What to work on: Give the listing again in full and exactly, apart from its pictures.

The data:
════════════════════
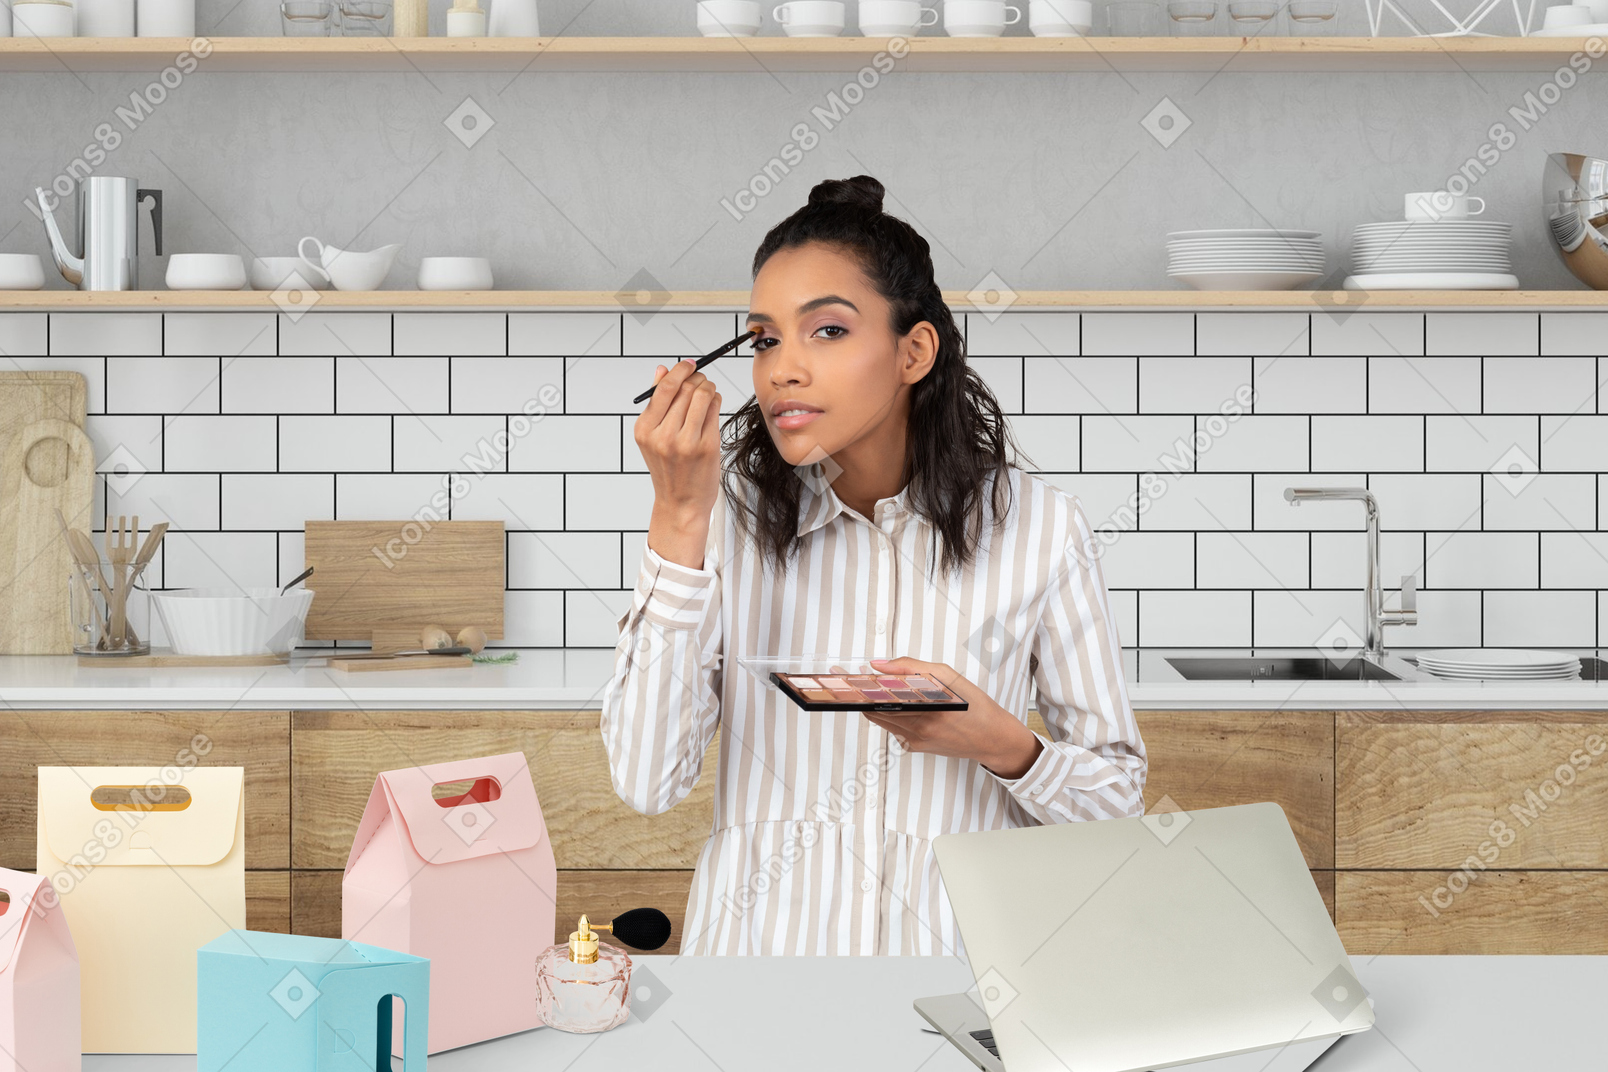 A woman applying eyeshadows at the table with products
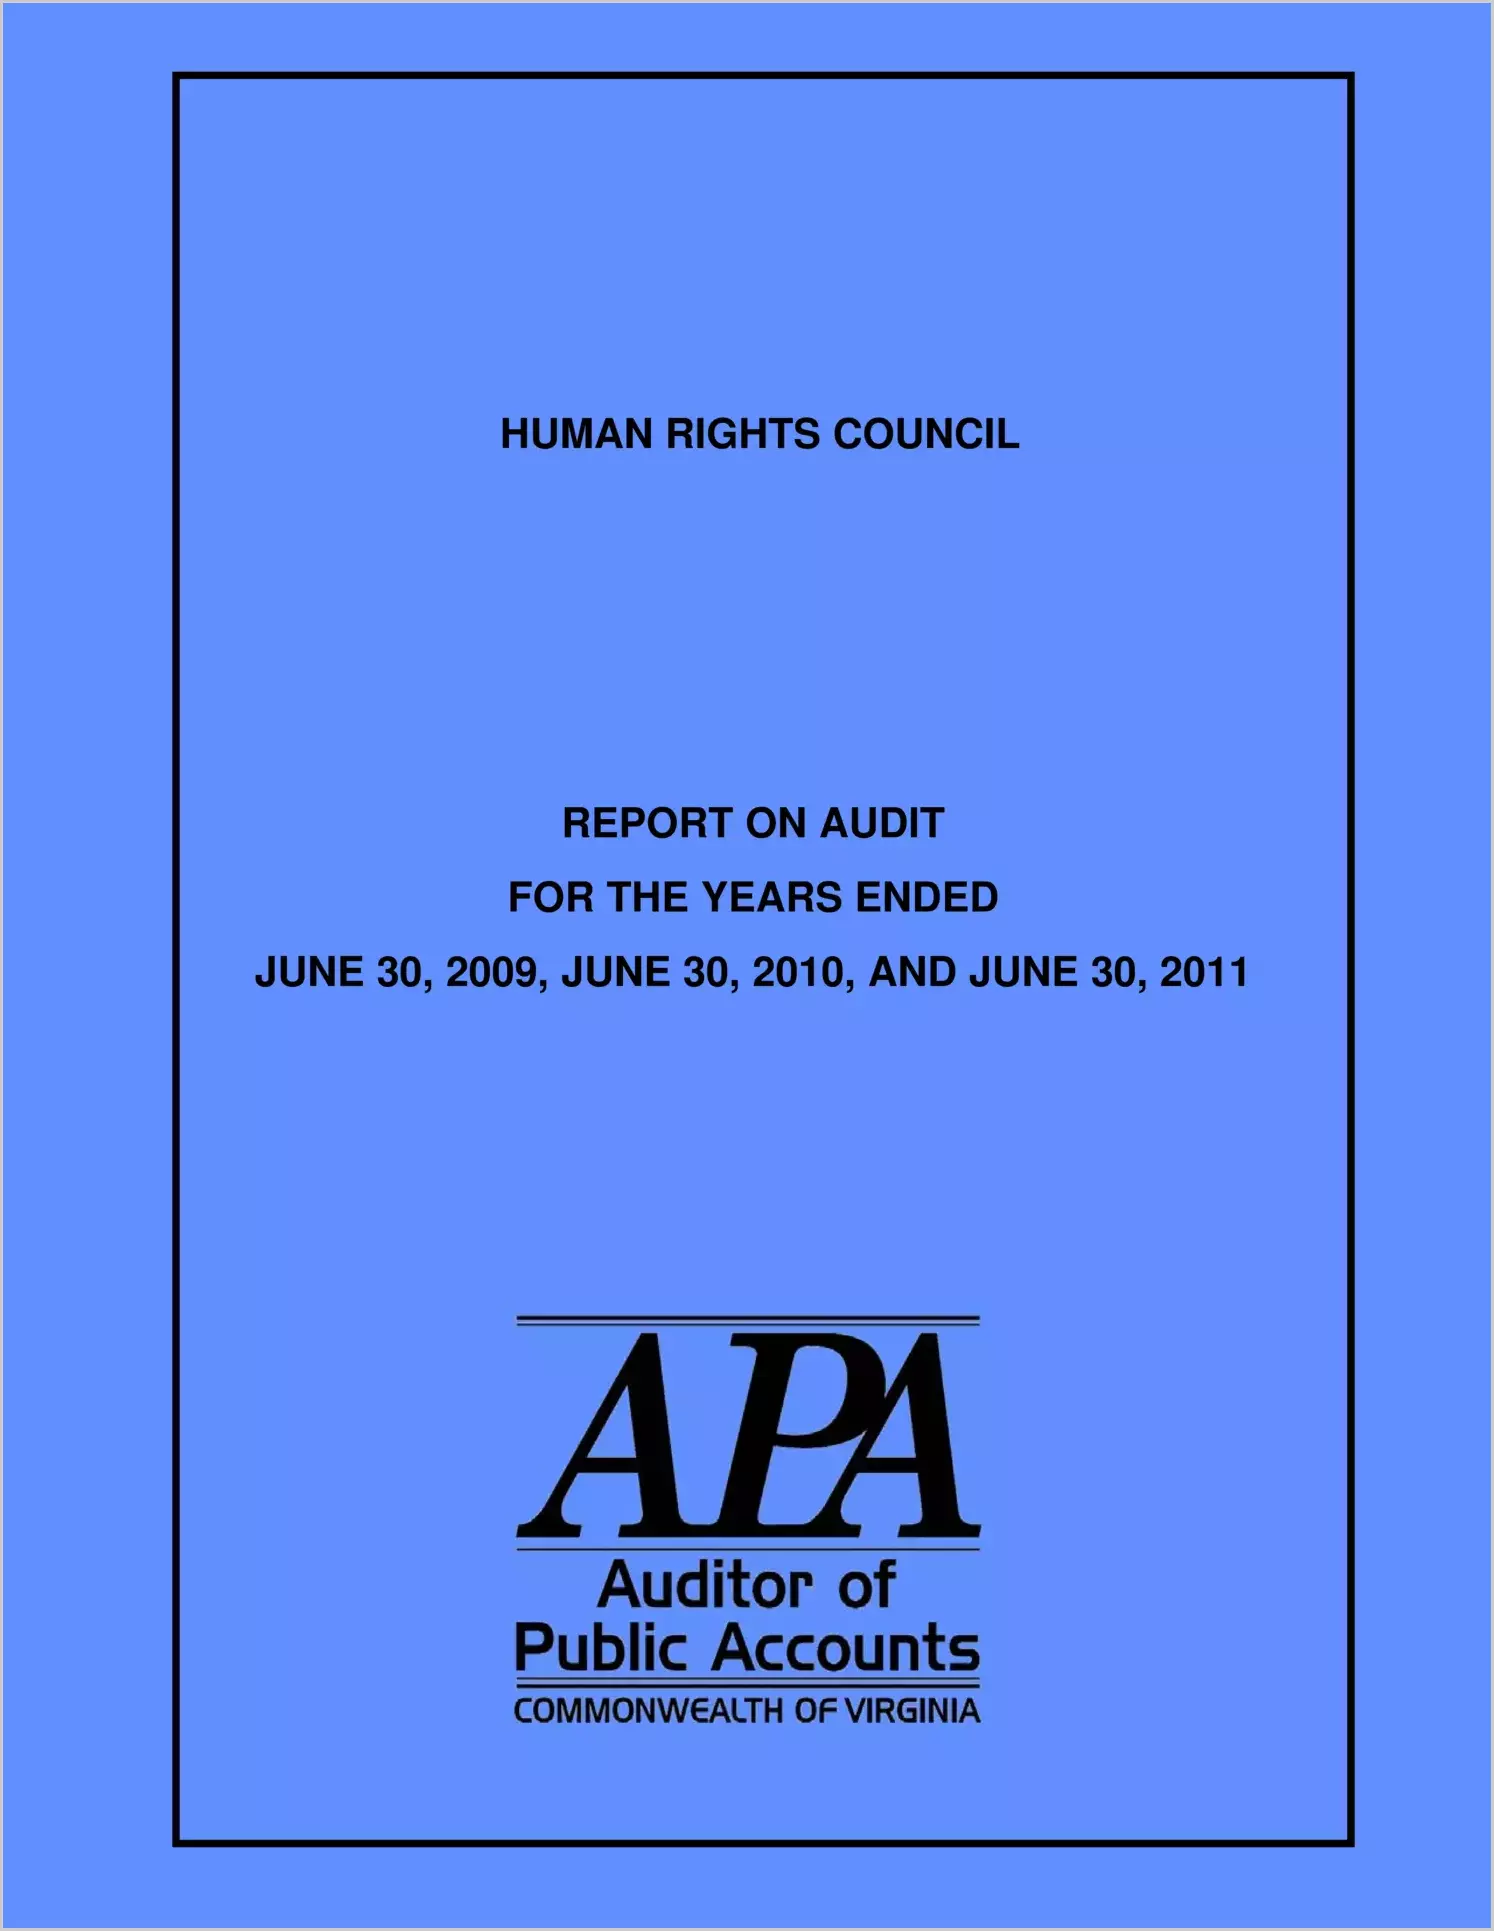 Human Rights Council for the years ended June 30, 2009 and June 30, 2011
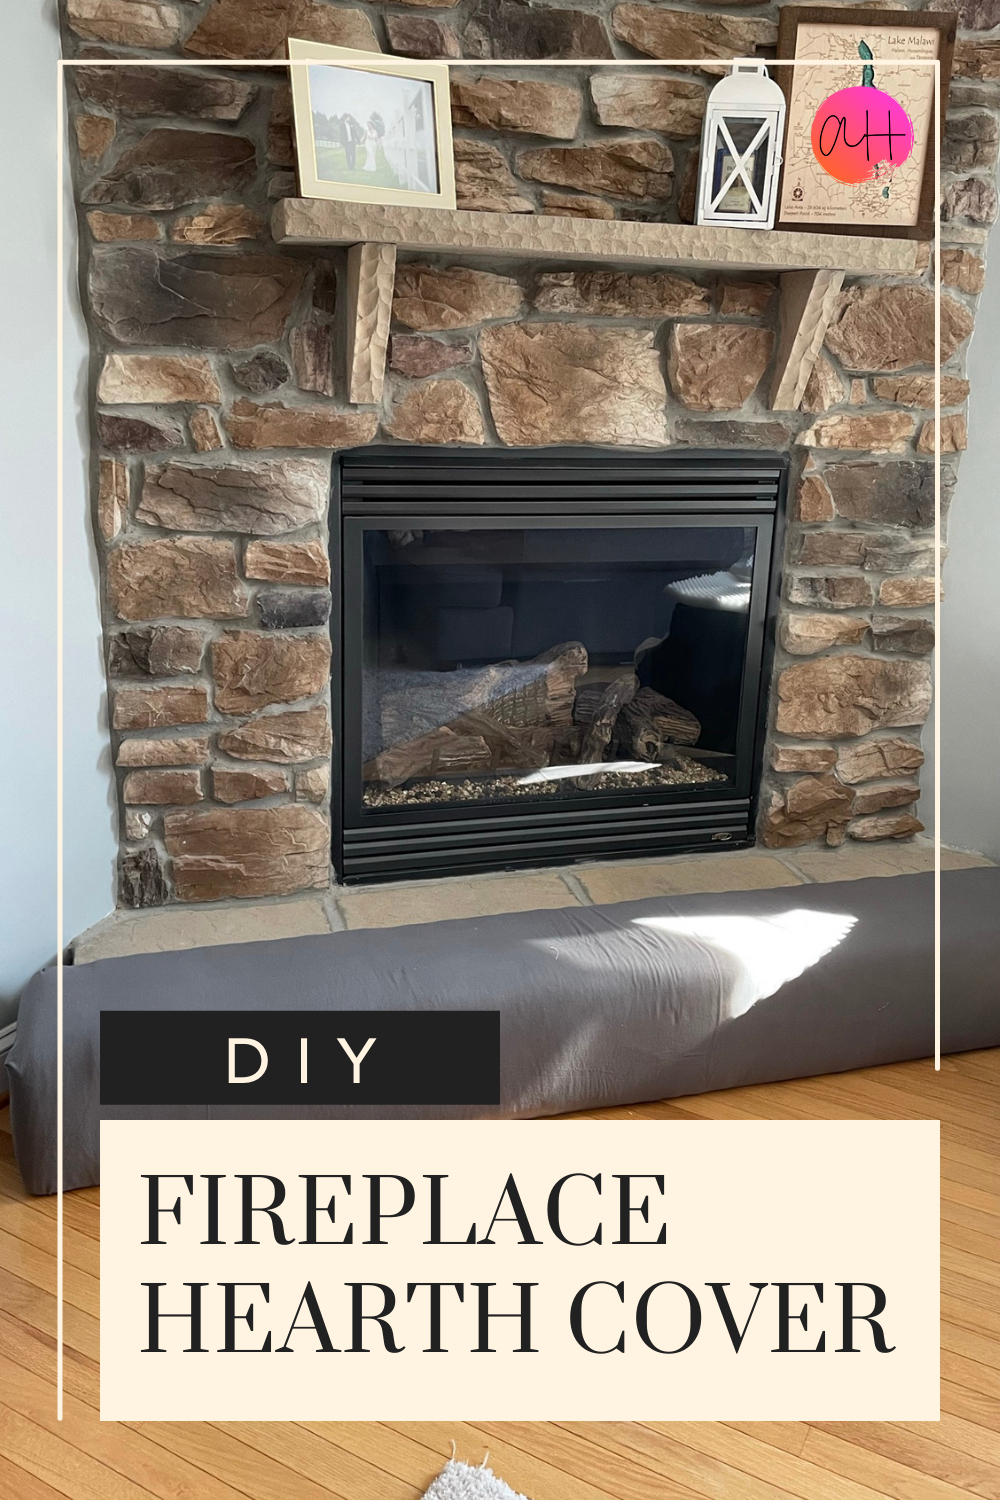 Babyproofing Our Fireplace - Welcome
════════════════════
Written response:
 A woman applying eyeshadows at the table with products
 Human Rights Council for the years ended June 30, 2009 and June 30, 2011
 Babyproofing Our Fireplace - Welcome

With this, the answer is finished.